Chapter 2 Data sources

The data set used for the project is Speed Dating Data.csv. The key used along with this dataset can be found here.

This data was published in the Quarterly Journal of Economics in May 2006, by three Columbia University professors: Sheena Iyengar, Emir Kamenica, and Itamar Simonson. The link to their paper can be found here.

2.1 The Experiment

This data was compiled by the professors as part of a speed dating experiment conducted in 21 waves and 13 days from 2002 to 2004.

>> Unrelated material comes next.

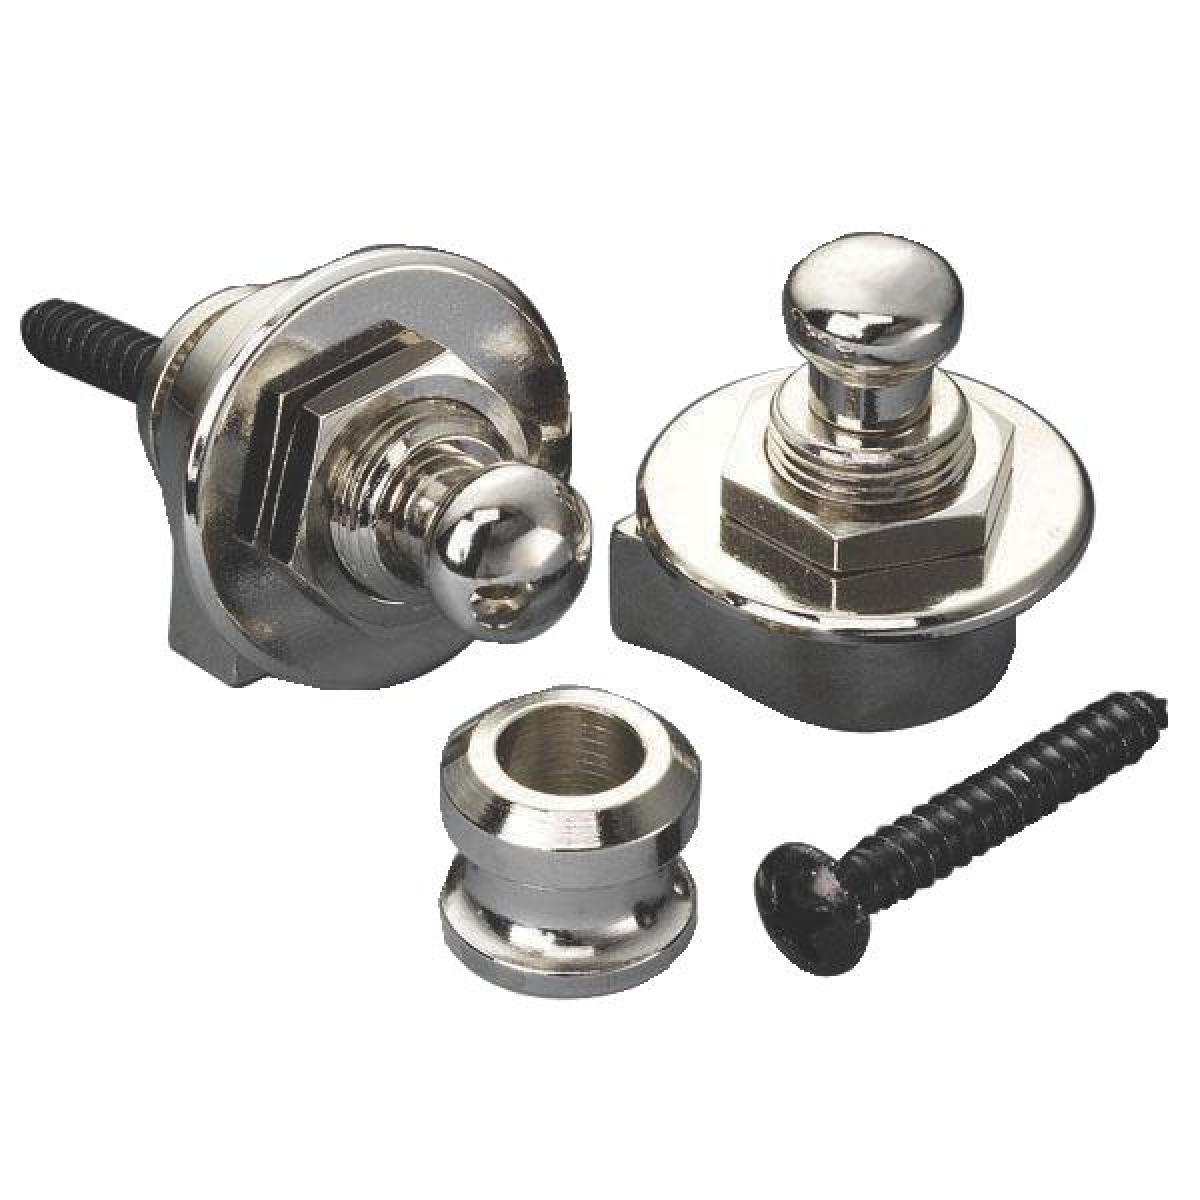 Security Locks With Nickel Finish (Pair)

The dates of the experiments are given below:

Wave 01: Oct 16, 2002

Wave 02: Oct 23, 2002

Wave 03: Nov 12, 2002

Wave 04: Nov 12, 2002

Wave 05: Nov 20, 2002

Wave 06: Mar 26, 2003

Wave 07: Mar 26, 2003

Wave 08: Apr 02, 2003

Wave 09: Apr 02, 2003

Wave 10: Sep 24, 2003

Wave 11: Sep 24, 2003

Wave 12: Oct 07, 2003

Wave 13: Oct 08, 2003

Wave 14: Oct 08, 2003

Wave 15: Feb 24, 2004

Wave 16: Feb 25, 2004

Wave 17: Feb 25, 2004

Wave 18: Apr 06, 2004

Wave 19: Apr 06, 2004

Wave 20: Apr 07, 2004

Wave 21: Apr 07, 2004

The experiment included every participant speed dating every participant from the opposite sex for four minutes, and after each 4 minute session, they were asked to fill a questionnaire of questions that asked them to rate their partner in terms of Attractiveness, Sincerity, Intelligence, Fun, Ambition, and Shared Interests.

Moreover, they were asked if they would date them again. Demographic data of each participant was also collected for the purpose of the analysis.

2.2 Data Description

All the data collected was given in a single CSV file with 195 columns and 8373 observations. Most of the variables given are numbers, either of the type integer of numeric, since they are mostly about ratings. However, variables such as field, from location, career, etc. were character fields.

2.3 Issues with the data

We noticed that in different waves, the data

For example, the ratings asked in waves 6-9 were ratings on a scale from 1 to 10. For all other waves, they were asked for a 100 point allocation instead. Some questions required distribute the 100 points among the six attributes. This made the units different for different questions. Also, some questions were introduced after the 9th wave, and hence has all values missing for waves 1-9.

Moreover, some questions did not have the option of rating for Shared Interests, while some did. This brought a mismatch in the number of columns (answers) per question. Also, some questions relating to final decisions were sensitive and hence data on those questions were never published. Hence we had to make use of the data that was available.